There are some good moments in there where she seems to be enjoying the game! You did a nice job of using your personality and energy to help get her up.

A few random thoughts:

If the goal is to get her to play -- to use play as a release and a way to build her up -- I would specifically avoid the "motivational collar pops" b/c they have the same contextual set up to other things that might not be as fun. (It looks a bit like your early dumbbell work, too.) I understand the concept of a motivational pop, and I've seen several people use them. I've also seen many dogs who tolerate them just fine, but appear, based on body language, to not find them as motivating as their handlers had hoped. The set up just looks too formal to me. [*Editing to Add:* Early on, I did the Teri Arnold motivational pop technique. I still think that in most dogs, what it does is desensitize to the leash pop correction so as not to be so flattening to the dog (creating the dogs who tolerate it well) vs. truly becoming a conditioned reinforcer. I think to reach true, conditioned reinforcer - where the dog has a clearly visible, HAPPY, conditioned emotional response, it would take far more repetitions that were systematically increased in intensity.]

I'd play with either an anticipation chase game or something using the opposition reflex where you push at her (like pushing her away), lightly at first, and see if you can build on that. For the chase game ... she sits ... you start slinking off ... "ready ... ready ... ready ... ready ... GET IT!" and you run off, encouraging her to chase you and come get the toy.

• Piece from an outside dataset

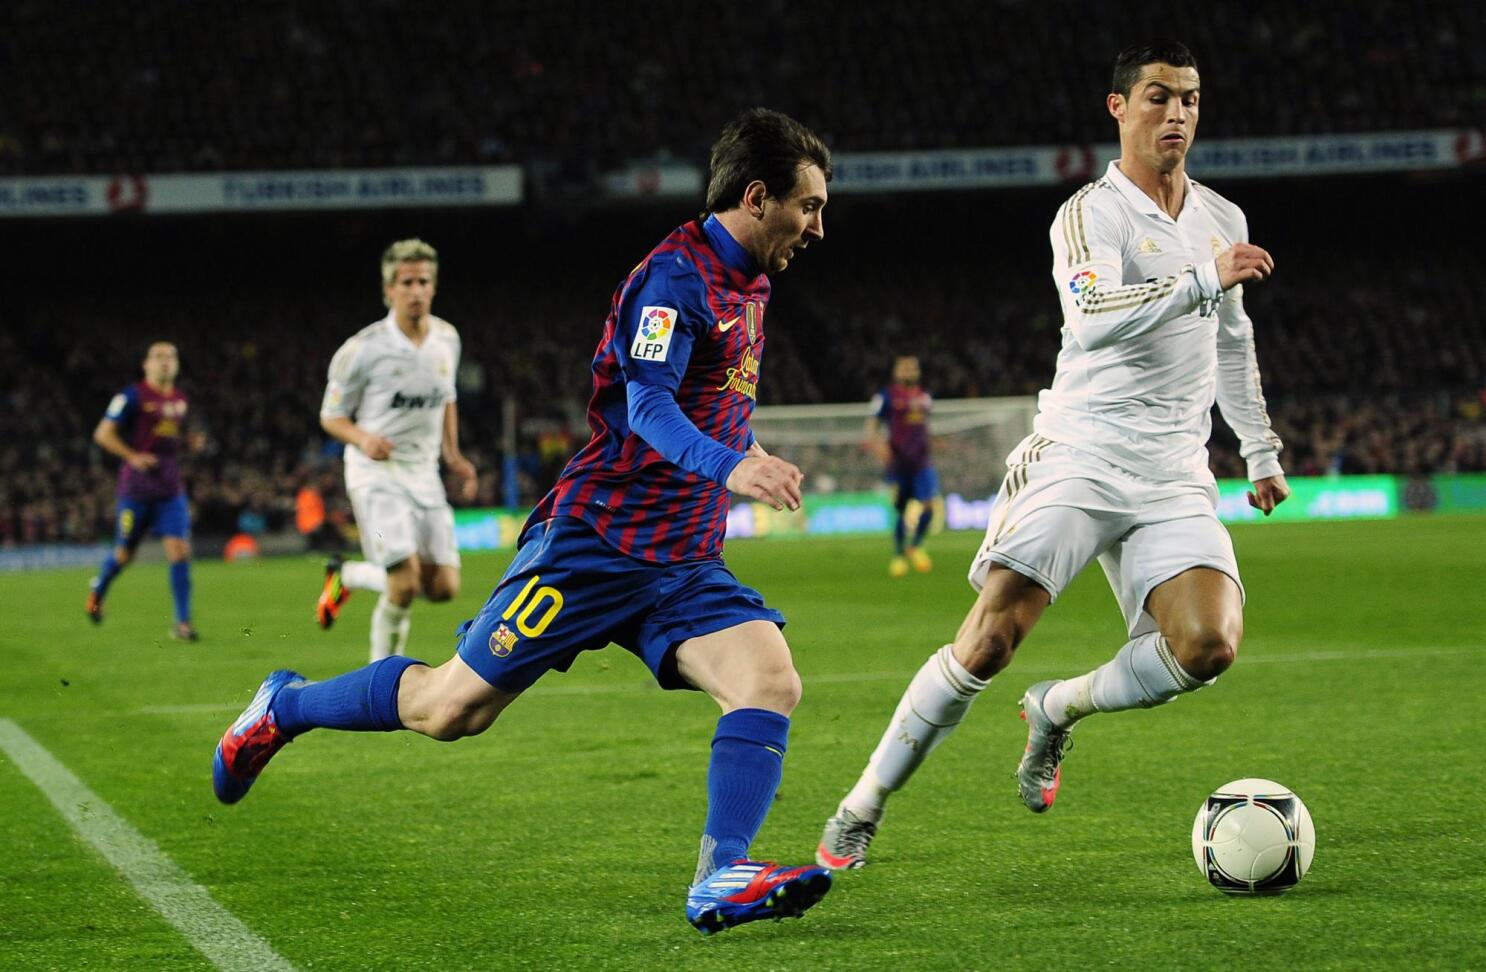 The Football Arena on X: Lionel Messi and Cristiano Ronaldo both

If you're trying to build play skills, I think you should be VERY careful about corrections in play. You corrected her for her slow "in place" or whatever you called your come-sit-at-heel behavior. Might not seem like much of a correction to you, but it was to her. You can see lip-licking from 1:38-1:40 -- a calming signal in dogs; she's stressed. (You also had a little avoidance at ~:28) I'm not saying to ignore slow responses, but in training, you can really only concentrate on one thing at a time, so if your goal is to build play skills, I'd concentrate on that. You can always address the issue w/o a correction that might potentially flatten the dog. I'd have either pushed her away (assuming I'd already taught that me-pushing-dog isn't viewed as bad or scary) in a sort of "woohoo! too slow! try again!" or I might have ran off ... "too slow! try again...." and maybe on the second cue offered more of a hand signal with the verbal. Also, if you aren't used to going from play directly into an obedience behavior, remember that it might take her a few sessions to get on board with the swift gear changes.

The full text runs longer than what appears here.